There is no overflow here. &*(*(ptr)) == &ptr[0][0] == &arr[1].
For C11 (N1570) the rules are the same. §6.5.2.1 and §6.5.6
Let me give a dissenting opinion: this is (at least in C++) undefined behaviour, for much the same reason as in the other question that this question linked to.
First let me clarify the example with some typedefs that will simplify the discussion.
typedef int two_ints[2];
typedef int* int_ptr;
typedef two_ints* two_ints_ptr;
two_ints arr;
two_ints_ptr ptr = (two_ints_ptr) &arr[1];
int_ptr temp = ptr[0]; // the two_ints value ptr[0] gets converted to int_ptr
temp[0] = 0;
So the question is whether, although there is no object of type two_ints whose address coincides with that of arr[1] (in the same sense that the adress of arr coincides with that of arr[0]), and therefore no object to which ptr[0] could possibly point to, one can nonetheless convert the value of that expression to one of type int_ptr (here given the name temp) that does point to an object (namely the integer object also called arr[1]).
The point where I think behaviour is undefined is in the evaluation of ptr[0], which is equivalent (per 5.2.1[expr.sub]) to *(ptr+0); more precisely the evaluation of ptr+0 has undefined behaviour.
I'll cite my copy of the C++ which is not official [N3337], but probably the language has not changed; what bothers me slightly is that the section number does not at all match the one mentioned at the accepted answer of the linked question. Anyway, for me it is §5.7[expr.add]
If both the pointer operand and the result point to elements of the same array object, or one past the last element of the array object, the evaluation shall not produce overflow; otherwise the behavior is undefined.
Since the pointer operand ptr has type pointer to two_ints, the "array object" mentioned in the cited text would have to be an array of two_ints objects. However there is only one such object here, the fictive array whose unique element is arr that we are supposed to conjure up in such situations (as per: "pointer to nonarray object behaves the same as a pointer to the first element of an array of length one..."), but clearly ptr does not point to its unique element arr. So even though ptr and ptr+0 are no doubt equal values, neither of them point to elements of any array object at all (not even a fictive one), nor one past the end of such an array object, and the condition of the cited phrase is not met. The consequence is (not that overflow is produced, but) that behavior is undefined.

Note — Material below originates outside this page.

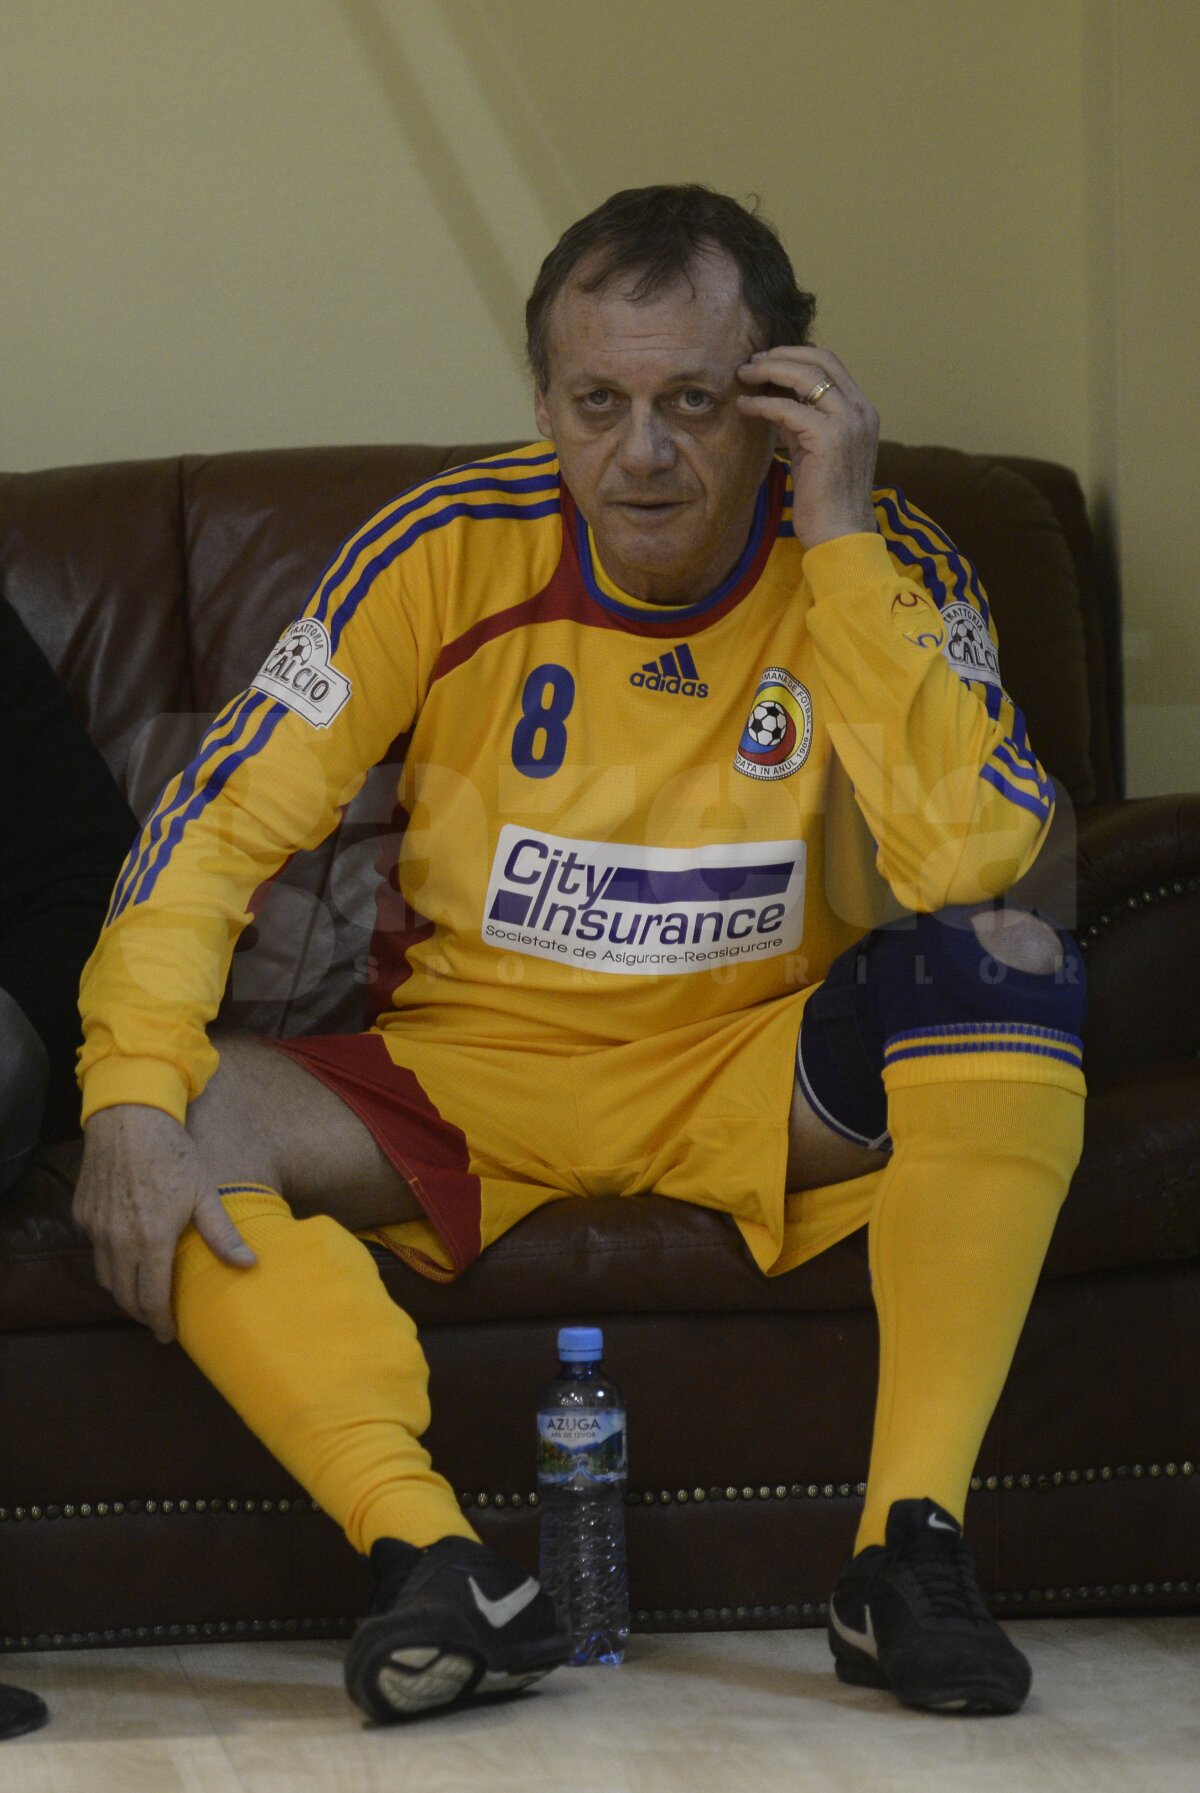 FOTO Italia - România la old-boys, transformat în ... "Galbeni" contra "Albi"! Doar un campion mondial prezent la joc
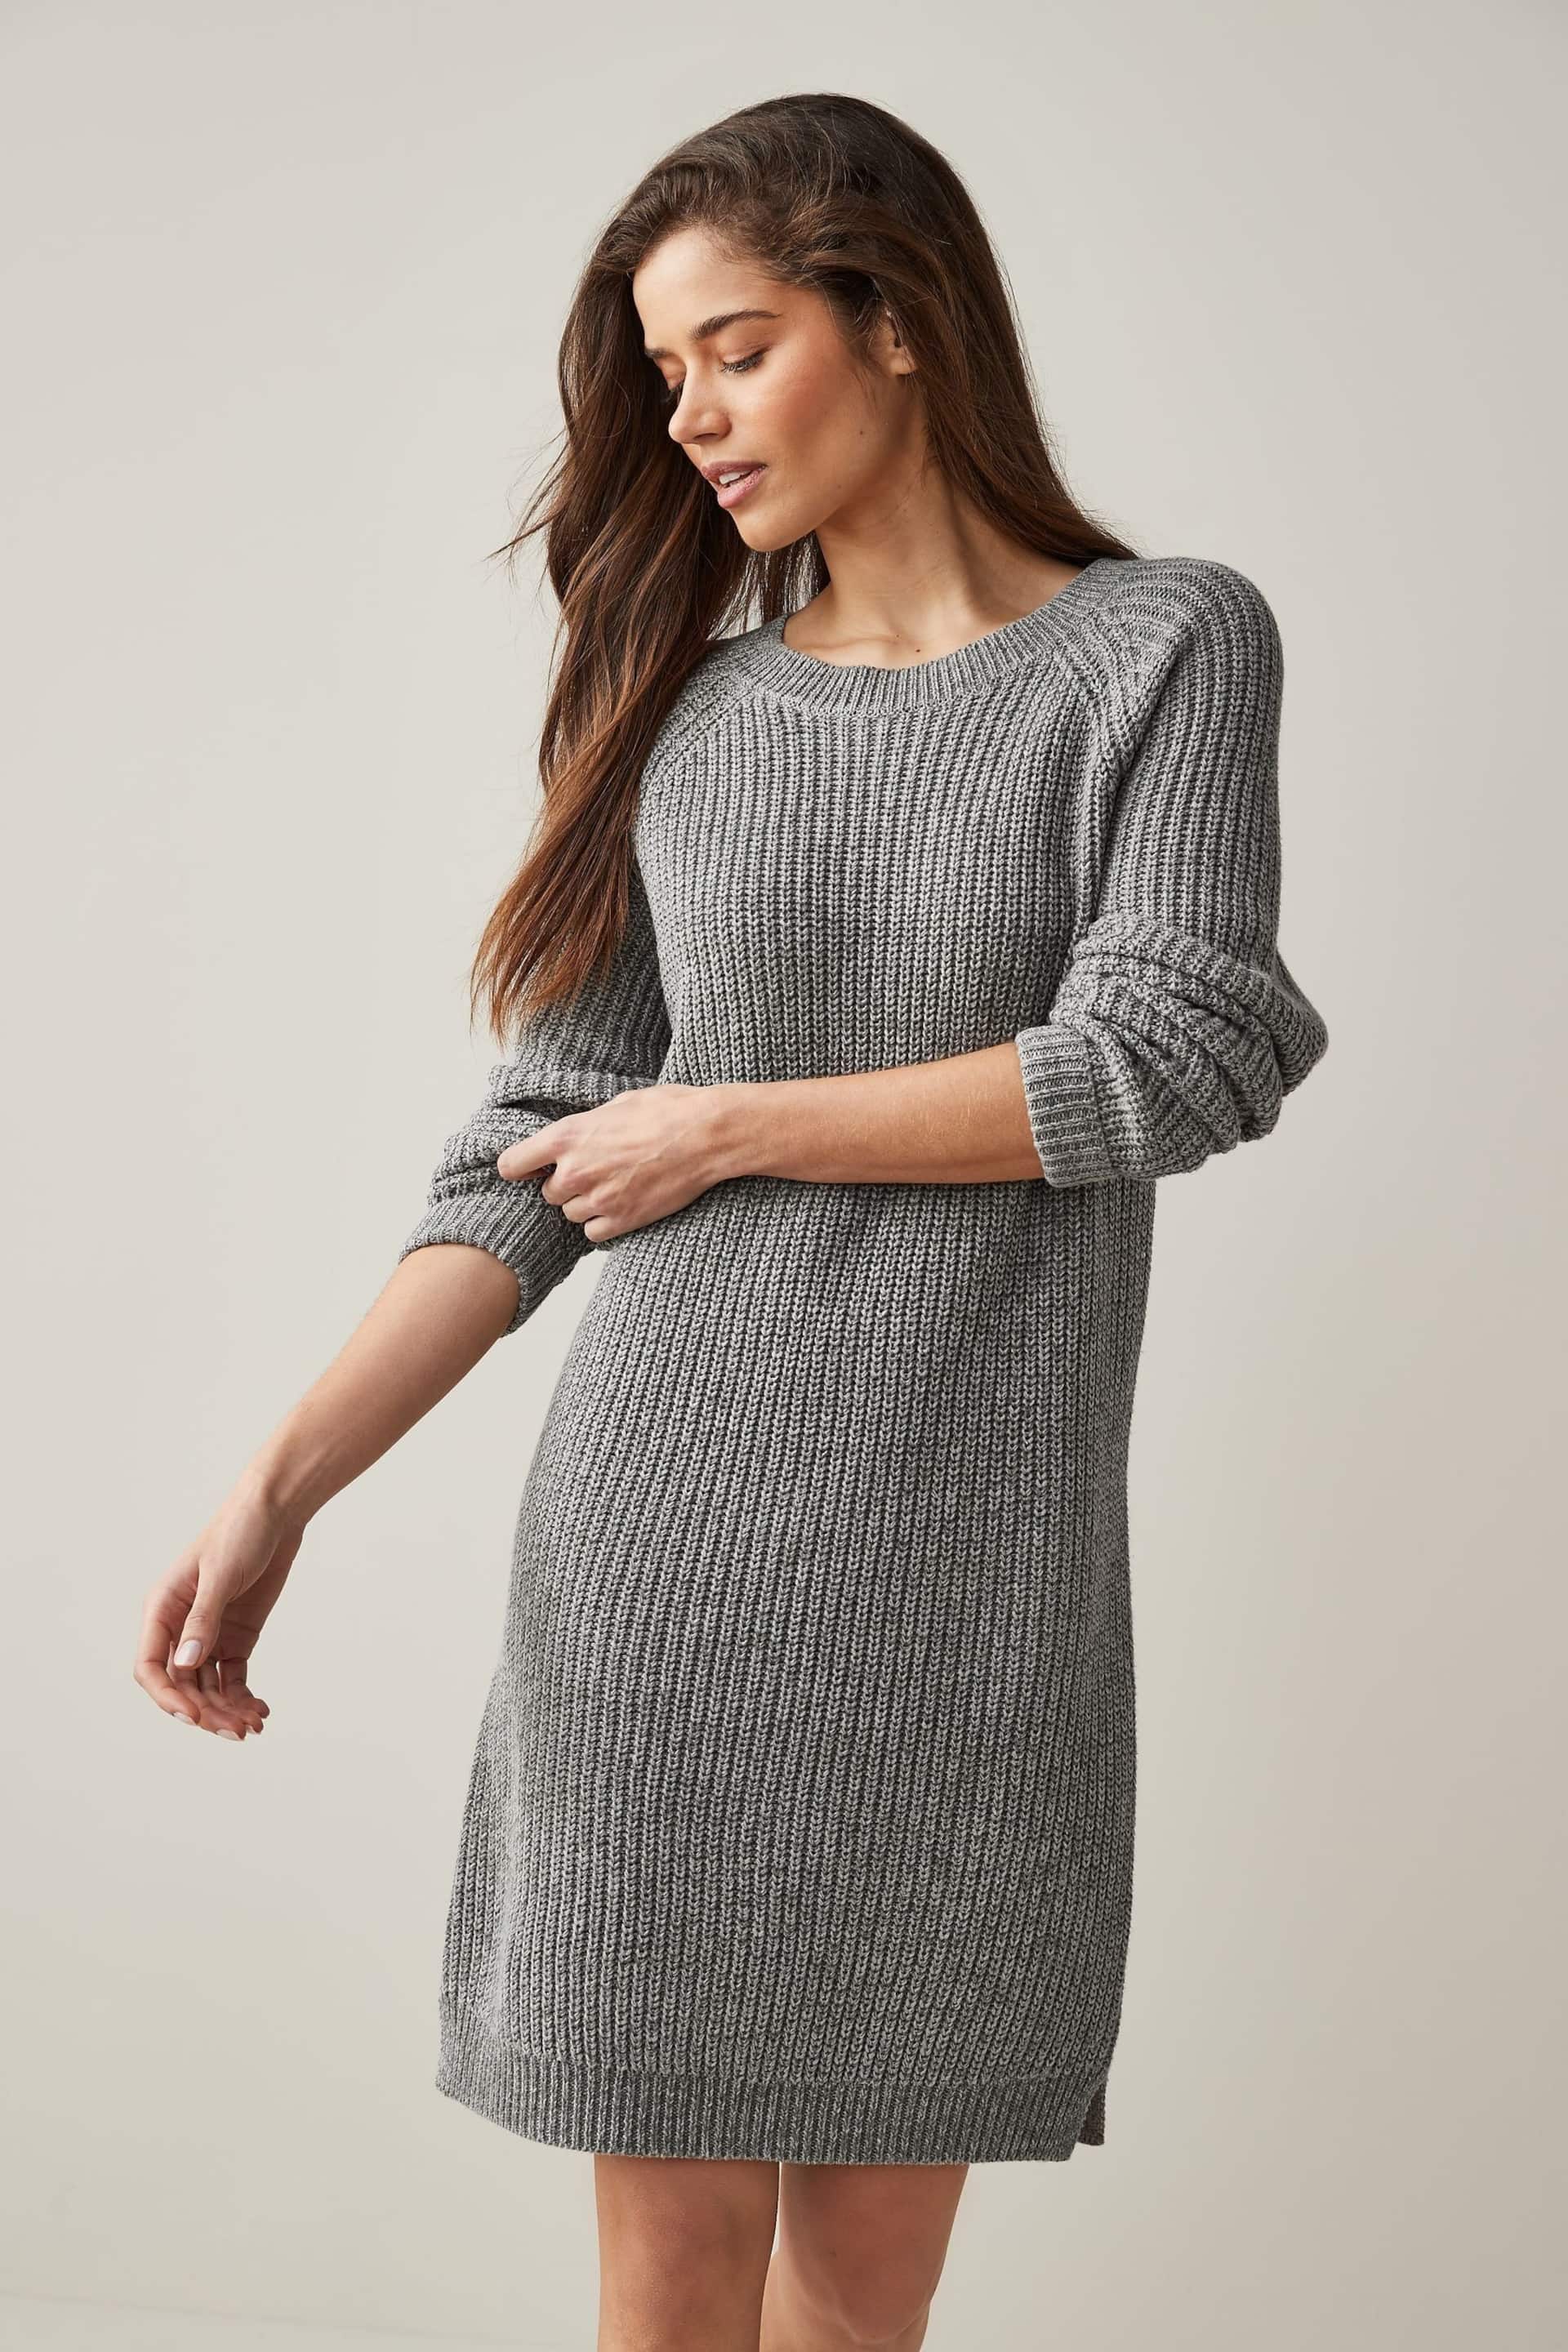 NOISY MAY Grey Long Sleeve Jumper Dress - Image 3 of 5

So behavior is already undefined before the indirection operator * is applied. I would not argue for undefined behavior from the latter evaluation, even though the phrase "the result is an lvalue referring to the object or function to which the expression points" is hard to interpret for expressions that do not refer to any object at all. But I would be lenient in interpreting this, since I think dereferencing a pointer past an array should not itself be undefined behavior (for instance if used to initialise a reference).
This would suggest that if instead of ptr[0][0] one wrote (*ptr)[0] or **ptr, then behaviour would not be undefined. This is curious, but it would not be the first time the C++ standard surprises me.
It depends on what you mean by "correct". You are doing a cast on the ptr to arr[1]. In C++ this will probably be a reinterpret_cast. C and C++ are languages which (most of the time) assume that the programmer knows what he is doing. That this code is buggy has nothing to do with the fact that it is valid C/C++ code.
You are not violating any rules in the standards (as far as I can see).
Trying to answer here why the code works on commonly used compilers:
int arr[2];
int (*ptr)[2] = (int (*)[2]) &arr[1];
printf("%p\n", (void*)ptr);
printf("%p\n", (void*)*ptr);
printf("%p\n", (void*)ptr[0]);
All lines print the same address on commonly used compilers. So, ptr is an object for which *ptr represents the same memory location as ptr on commonly used compilers and therefore ptr[0] is really a pointer to arr[1] and therefore arr[0][0] is arr[1]. So, the code assigns a value to arr[1].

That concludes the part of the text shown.